The vendored ./ldk-node checkout (pinned to lamtuanvu/ldk-node@000a3309, branch custom-gossip-data) carries 4 in-tree modifications on top of the pinned commit. They are produced deterministically by infra/scripts/setup-ldk-node.sh, which after cloning runs:

for patch in patches/ldk-node-*.patch; do
  git apply "$patch"
done

Today there is exactly one such file: patches/ldk-node-tx-broadcaster-queue-bump.patch (357 lines), and it contains all 4 modifications — the filename is misleading because it only mentions the queue bump.

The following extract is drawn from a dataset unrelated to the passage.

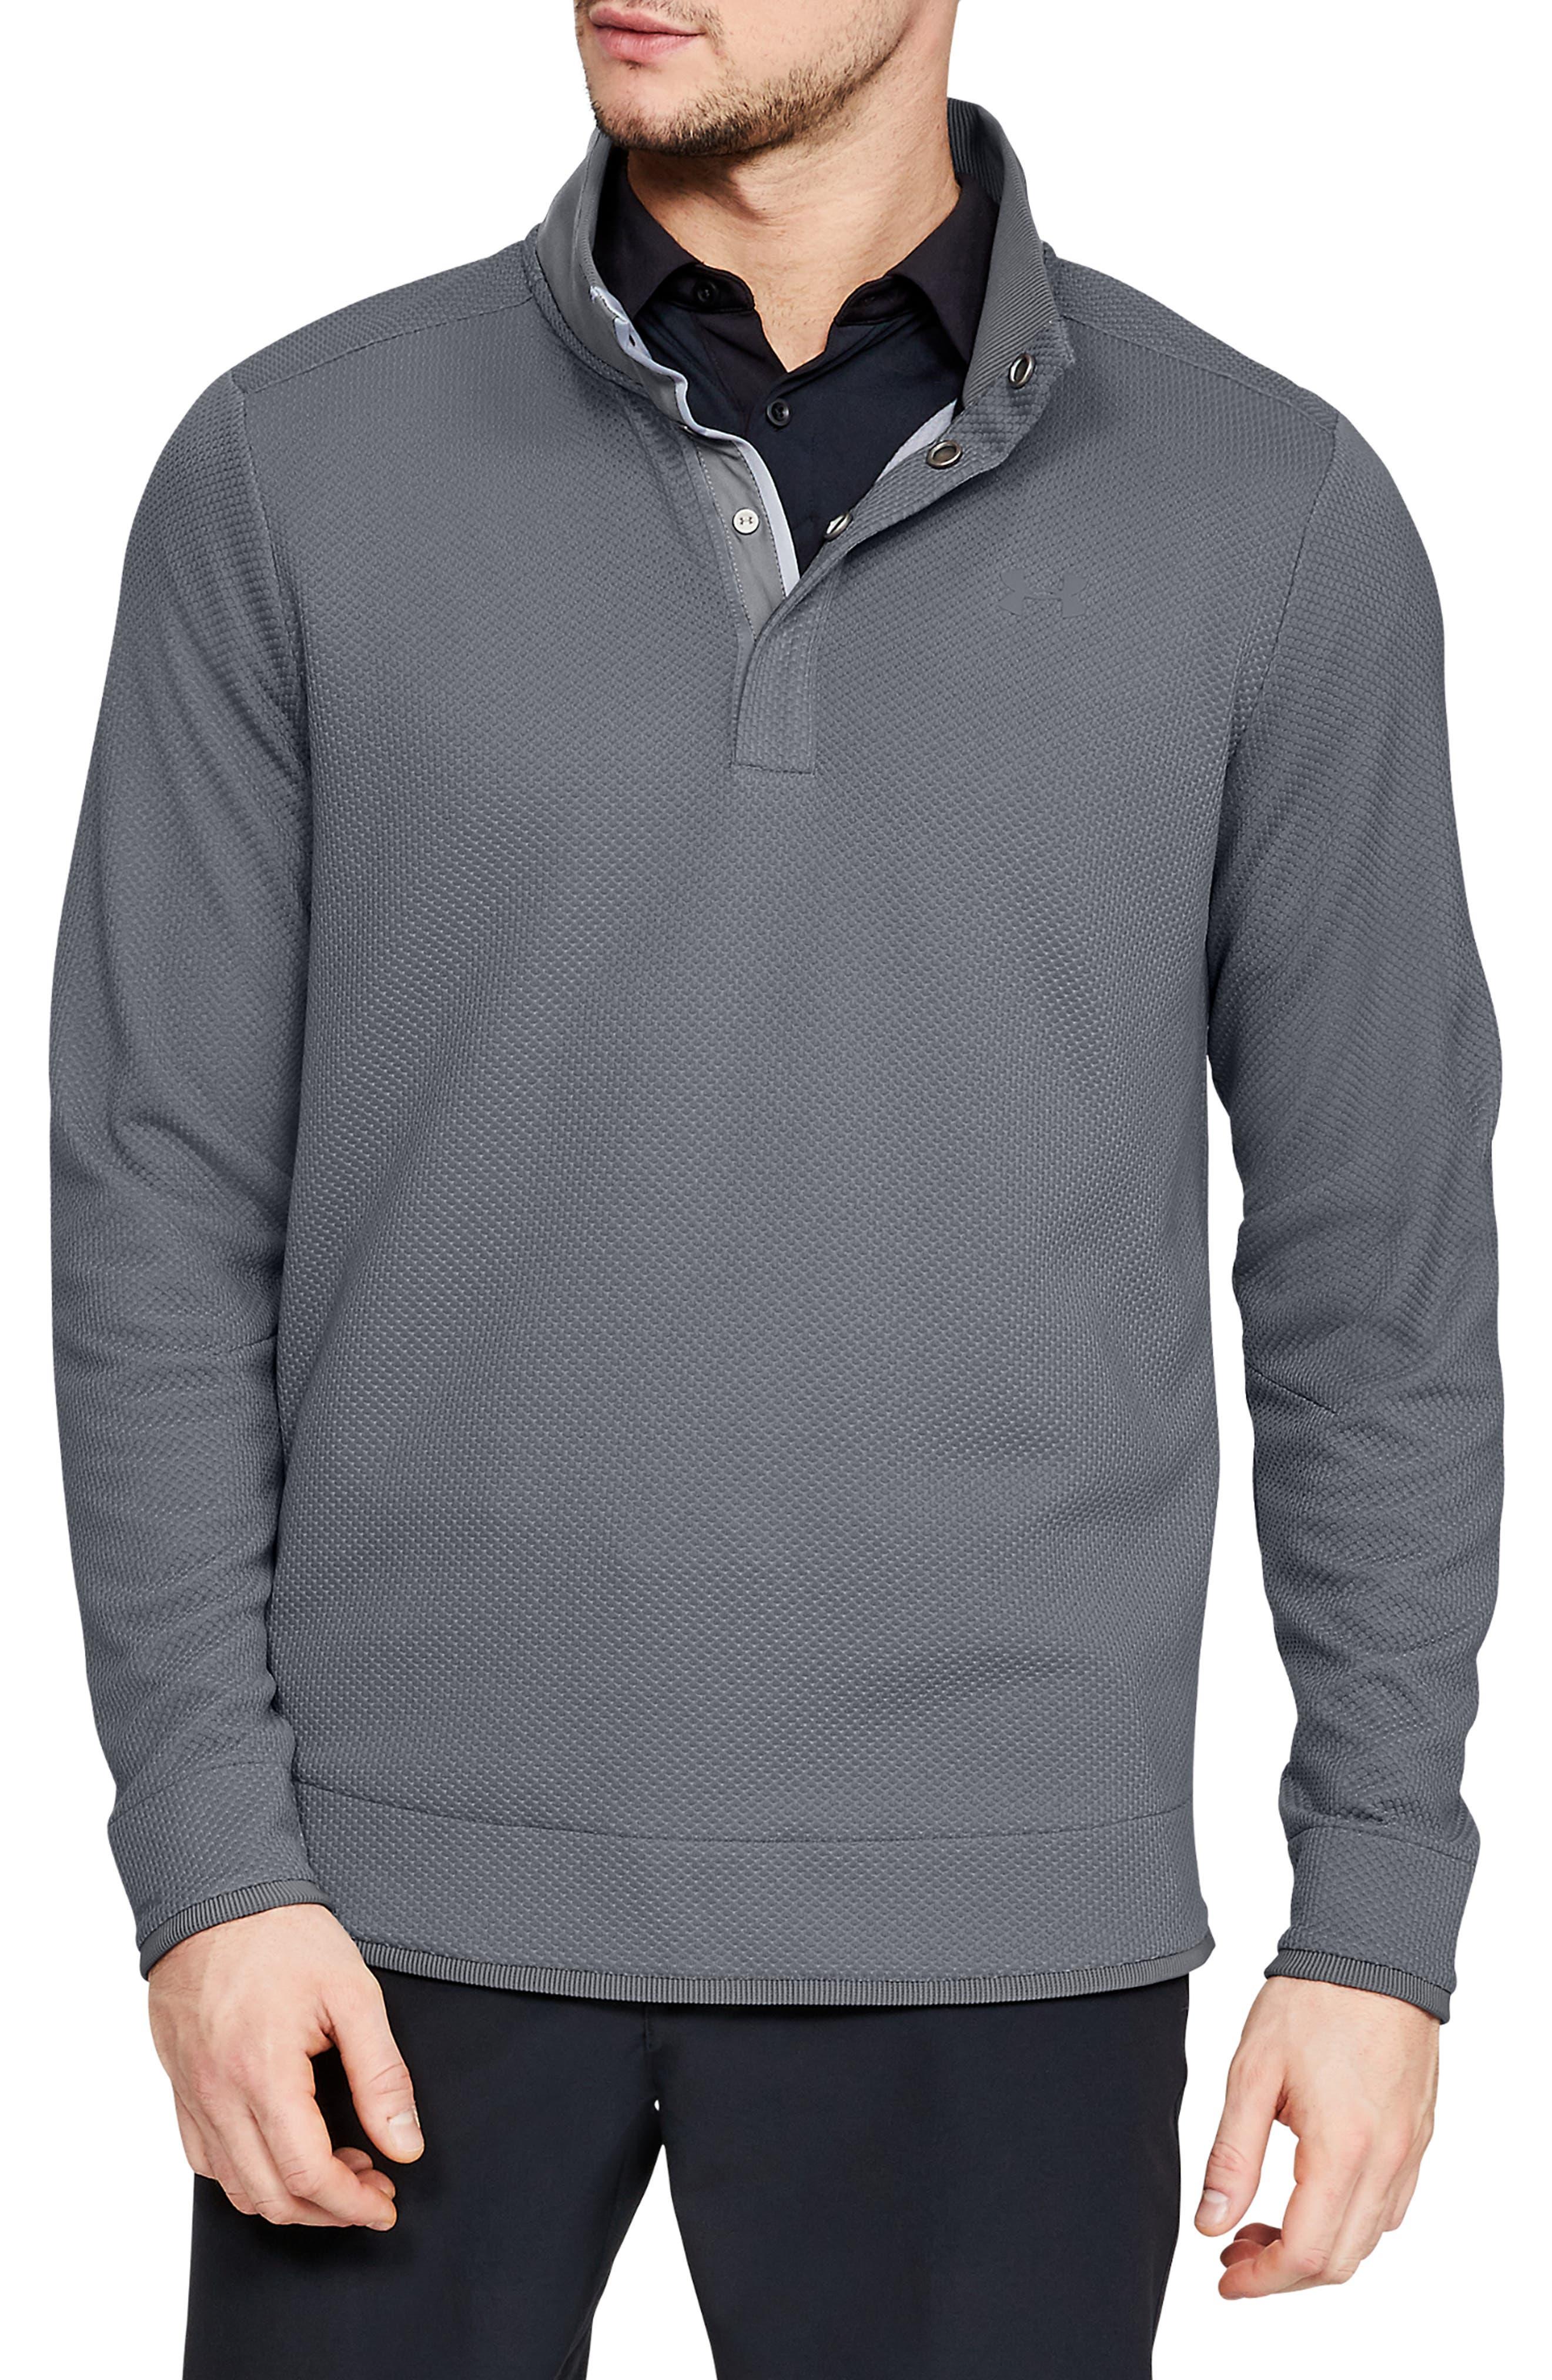 Under Armour Storm Sweaterfleece Snap Mock Neck Pullover, Grey

So: the working-tree diff is already canonicalized as a patch. Reverse-applying it succeeds (git apply --reverse --check → 0). The question is per modification, can it be dropped without breaking production code paths in this repo?

Verdict matrix:

# File Status Drop = ?
1 src/lib.rs sync_wallets rewrite MUST KEEP Onboarding hangs forever
2 src/payment/bolt11.rs *_with_hints MUST KEEP Inbound payments unroutable
3 src/config.rs 10% → 100% MUST KEEP Sweep HTLC fails on first try
4 src/tx_broadcaster.rs 50 → 500 STRONGLY RECOMMEND KEEP Silent broadcast loss under sweep load

None are cosmetic. Details below.


1. src/lib.rssync_wallets() reuses node runtime — MUST KEEP

What changes

Upstream:

tokio::task::block_in_place(move || {
    tokio::runtime::Builder::new_multi_thread().enable_all().build().unwrap()
        .block_on(async move { /* chain-source sync */ })
})

Patched:

let runtime = rt_lock.as_ref().ok_or(Error::NotRunning)?;
runtime.block_on(async move { /* chain-source sync */ })

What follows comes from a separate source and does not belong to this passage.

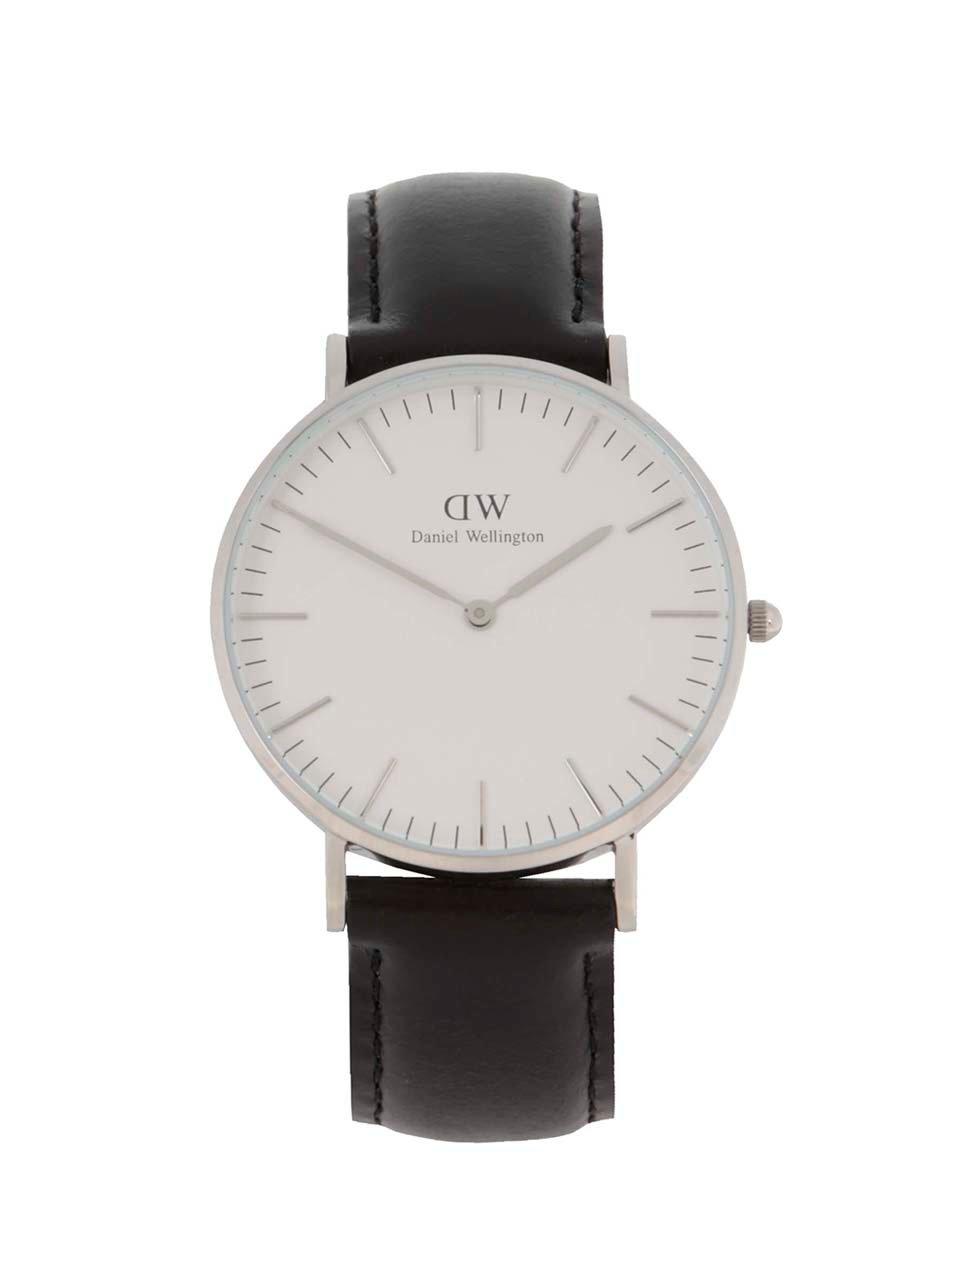 Dámske hodinky v striebornej farbe CLASSIC Sheffield Daniel Wellington 3dd1b085887

Why upstream is wrong for us specifically

Node::sync_wallets() is exposed as the capability core.lightning.sync_wallets from the ldk-node builtin app (cdylib):

  • Capability registration: modules/ldk-node/src/capabilities.rs:100, :218
  • Handler: modules/ldk-node/src/capabilities.rs:1010node.sync_wallets()

Capability dispatch in builtin apps runs on the FFI handler thread, which is not a tokio worker thread. tokio::task::block_in_place panics in that environment because it requires a current-thread tokio runtime context. The panic is then silently eaten at the extern "C" cdylib boundary (panics across FFI are UB / aborted-and-swallowed depending on panic = "unwind" config).

Concrete callers that break

All routed through apps/server/src/services/onboarding/lightning_client.rs:443invoke("core.lightning.sync_wallets", …):

Caller (file:line) Failure mode if not patched
services/onboarding/sweep_handler.rs:381,520,553,1127,1257 Onboarding sweep retry loop never returns; user funds stuck pending in temp-node wallet
services/onboarding/orchestration_service.rs:572,1128 wait_until_confirmed-style polls hang; orchestration never advances past “waiting for chain sync”
services/onboarding/inbound_liquidity_handler.rs:1082 Buyer-side liquidity request never refreshes balance after seller channel opens
services/onboarding/channel_setup_handler.rs:393 Channel-ready poll loop hangs
services/liquidity_service.rs:102 LSP ready poll hangs
apps/lps/src/api.rs:535 (/api/v1/node/sync HTTP) LPS HTTP endpoint times out

What you actually see if you drop the patch

  • Symptom: onboarding sits at "Syncing wallets…" indefinitely. No log line; no error returned. Health probe still healthy.
  • Repro: run E2E onboarding suite (tests/e2e/...sweep) on a regtest with non-empty mempool. First sync_wallets invocation never resolves.
  • The corroborating in-repo write-up of the same bug is at apps/server/src/services/onboarding/orchestration_service.rs:198–211.

Why we can't fix it downstream

The runtime construction lives inside a pub method body. There is no extension point on Node, no trait we can override, and no way to inject a runtime. The only fix is to edit the method body.

Upstream-ability

High. Replacing block_in_place + new_multi_thread + block_on with runtime.block_on is strictly more correct (it removes a hidden invariant that the caller already be on a tokio thread). This should be PR'd to LDK.


2. src/payment/bolt11.rsreceive_with_hints / receive_for_hash_with_hintsMUST KEEP

What changes

Adds three new methods on Bolt11Payment:

  • receive_with_hints(amount, desc, expiry, route_hints)
  • receive_for_hash_with_hints(amount, desc, expiry, payment_hash, route_hints) (HODL variant)
  • receive_with_hints_inner(...) (shared impl)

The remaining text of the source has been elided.